It is ironic that, with the future of classical history and languages as subjects for study at school or university increasingly precarious, there should be such a flood of books and broadcast series exploring the Greek and Roman world. In recent years we have seen contributions from scholars with a genius for communication – Mary Beard, Emily Wilson, Bettany Hughes – as well as contemporary readings of classical philosophy and poetry, and new novels, dramas and even sitcoms drawing on classical narratives. It is as if we have never quite shaken off the Victorian conviction that the challenges of the modern world can be illuminated by studying ancient Greece and Rome.
Josiah Osgood’s book reflects another classical legacy, going back to Plutarch in the first century of our era: it is a “binocular” biography, putting together two contrasting figures so as to draw out insights for moral or political discernment. Plutarch paired off Greeks and Romans, while Osgood’s subjects are both Romans, who were intensely and protractedly involved in each other’s careers, but the goal is not so different. We are invited to think about the strengths and weaknesses of powerful individuals in order to sharpen our diagnoses of political pathology or risk.
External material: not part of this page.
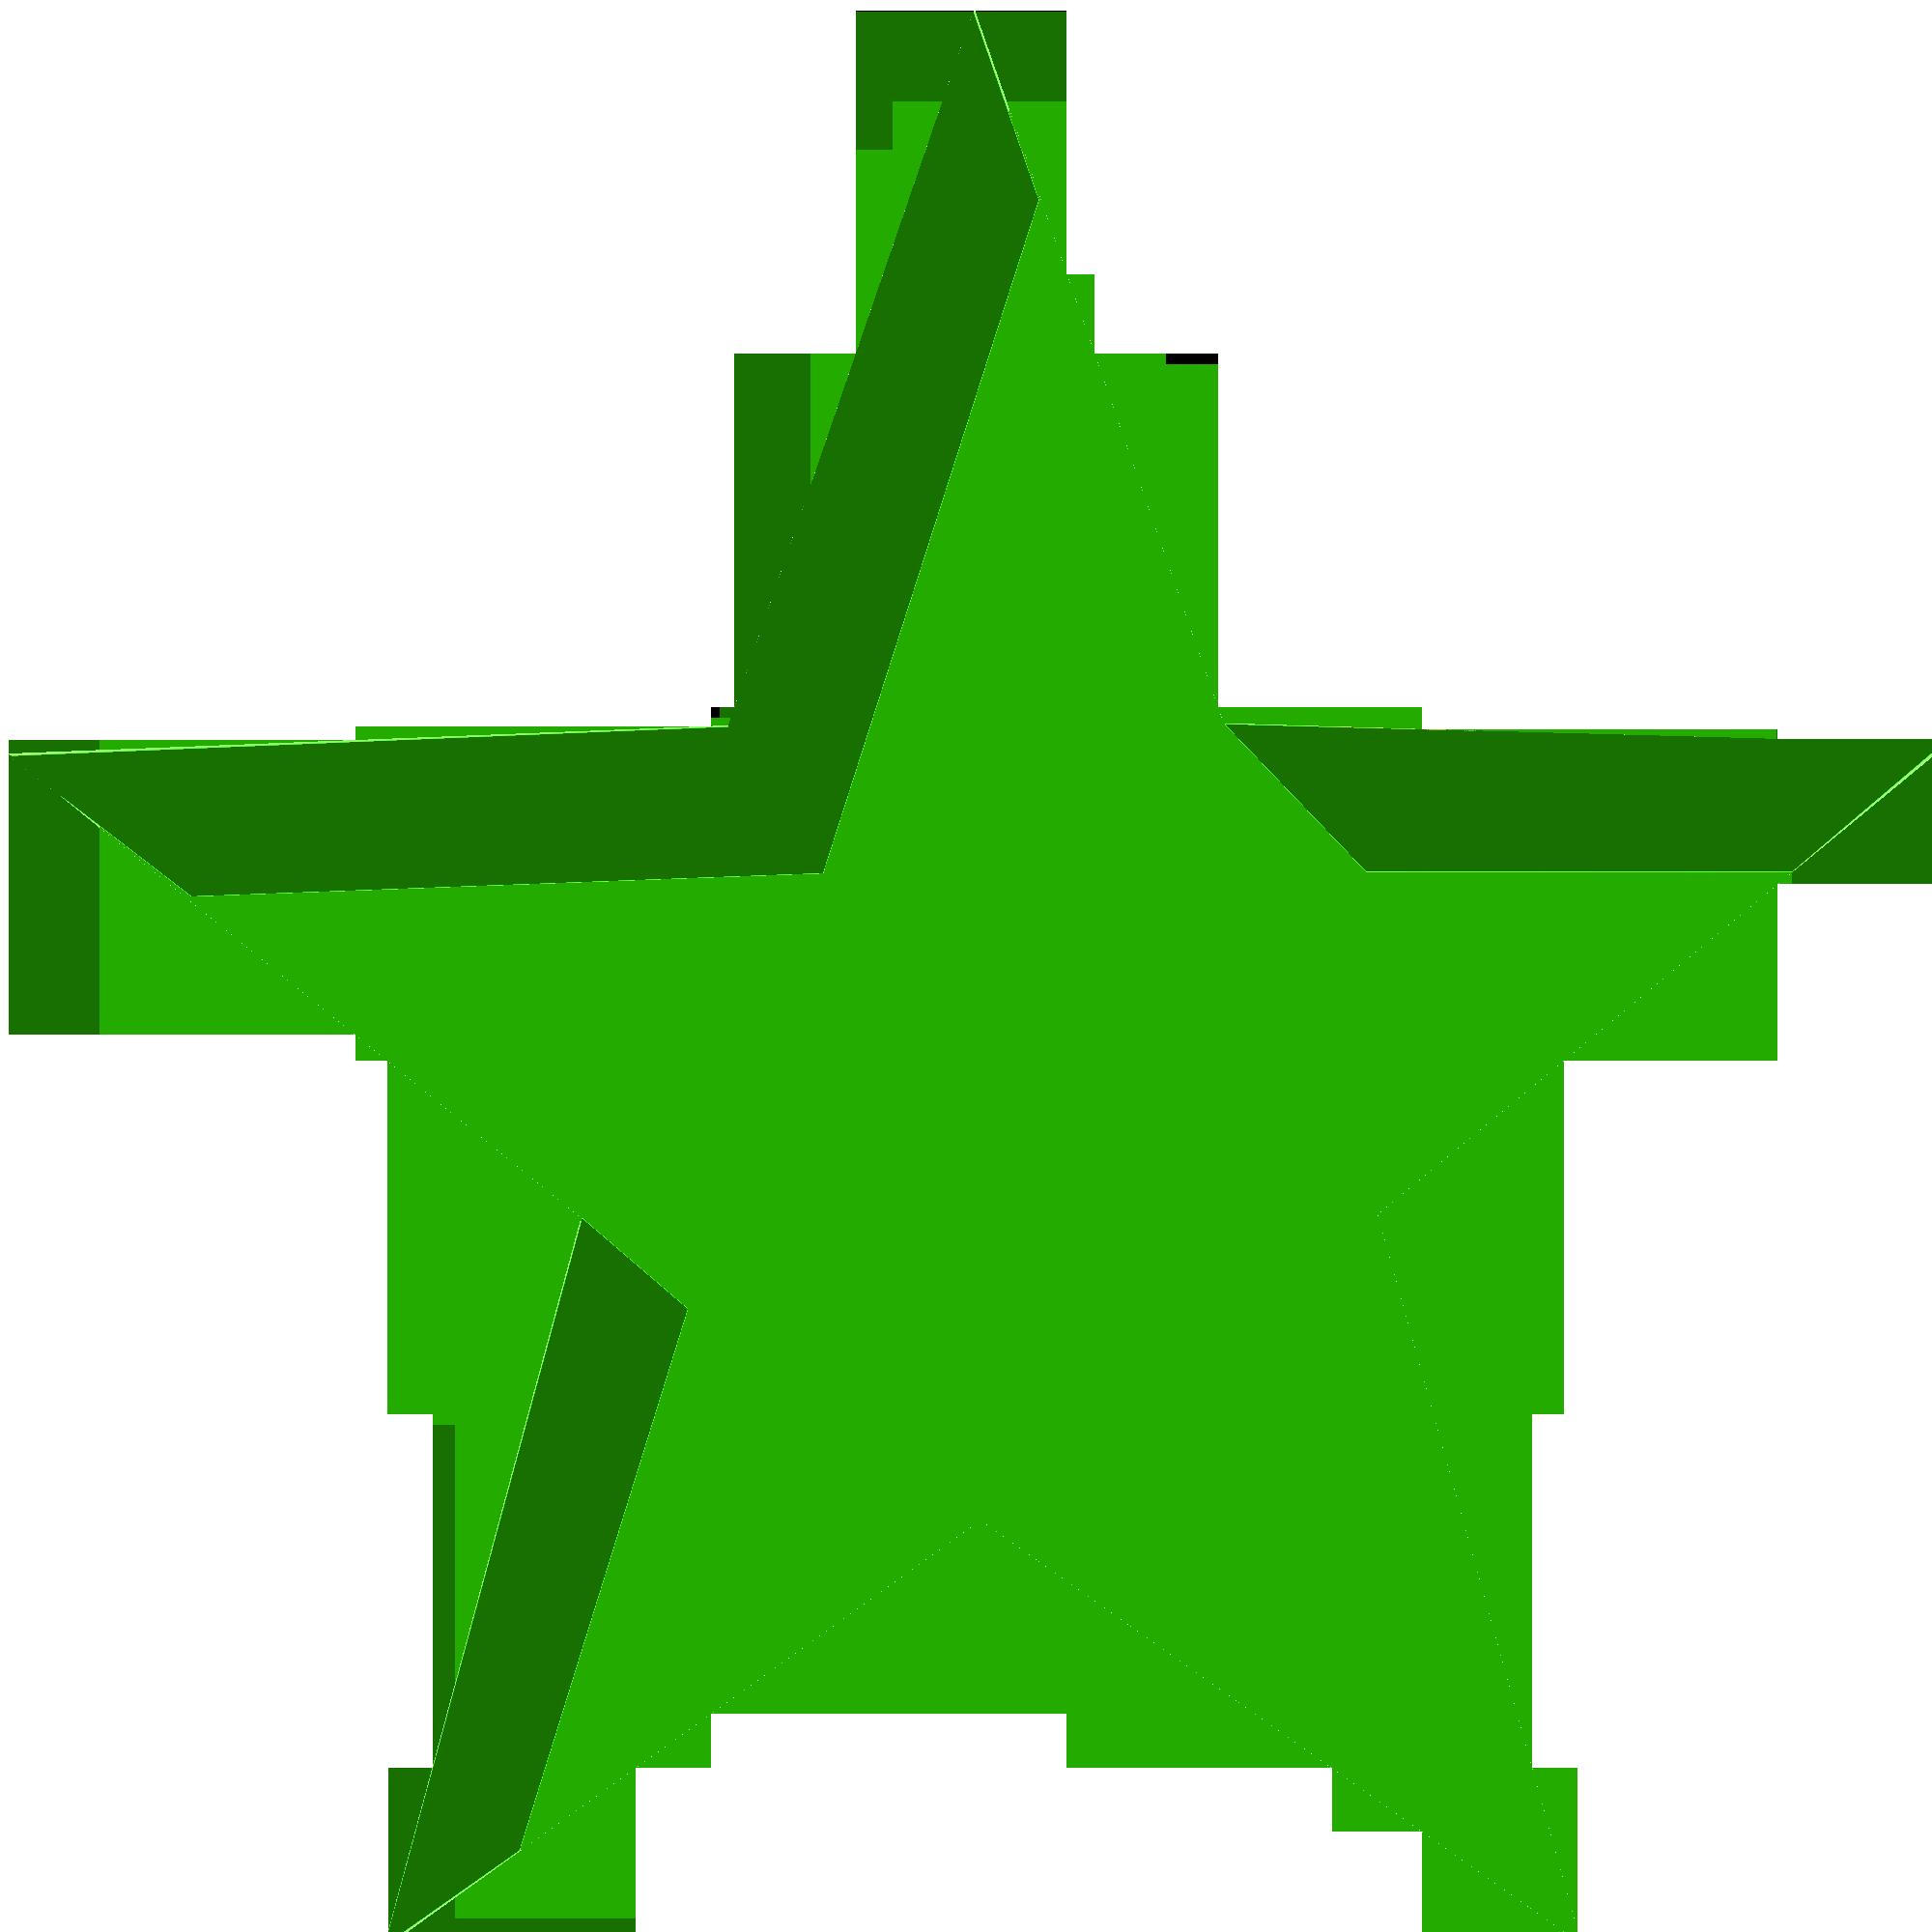 Movie star clipart black and white jpg black and white download ➡➡ Star Black And White Clip Art Images Download jpg black and white download

The book is presented as a narrative that will help us see the dangers of political polarisation: what happens when two sides have backed themselves into a corner where their projects appear to be completely incompatible? The shadow of all those opinion pieces warning of the risks of civil war in the United States falls over these pages, and while Osgood does not overdo the contemporary resonances, they are unmissable – and not only for North America.
Gaius Julius Caesar and Marcus Porcius Cato (“Cato the Younger”) had both grown up during a traumatic and brutal civil war, fought between factions within the small group of wealthy aristocrats who dominated Roman politics. Since both came from families of historic power, they and their relatives were on the front line of the struggle, Caesar’s family especially. By the second quarter of the first century BCE, both had established themselves as significant political presences in Roman public life. They could hardly have been more different in temperament and style, however.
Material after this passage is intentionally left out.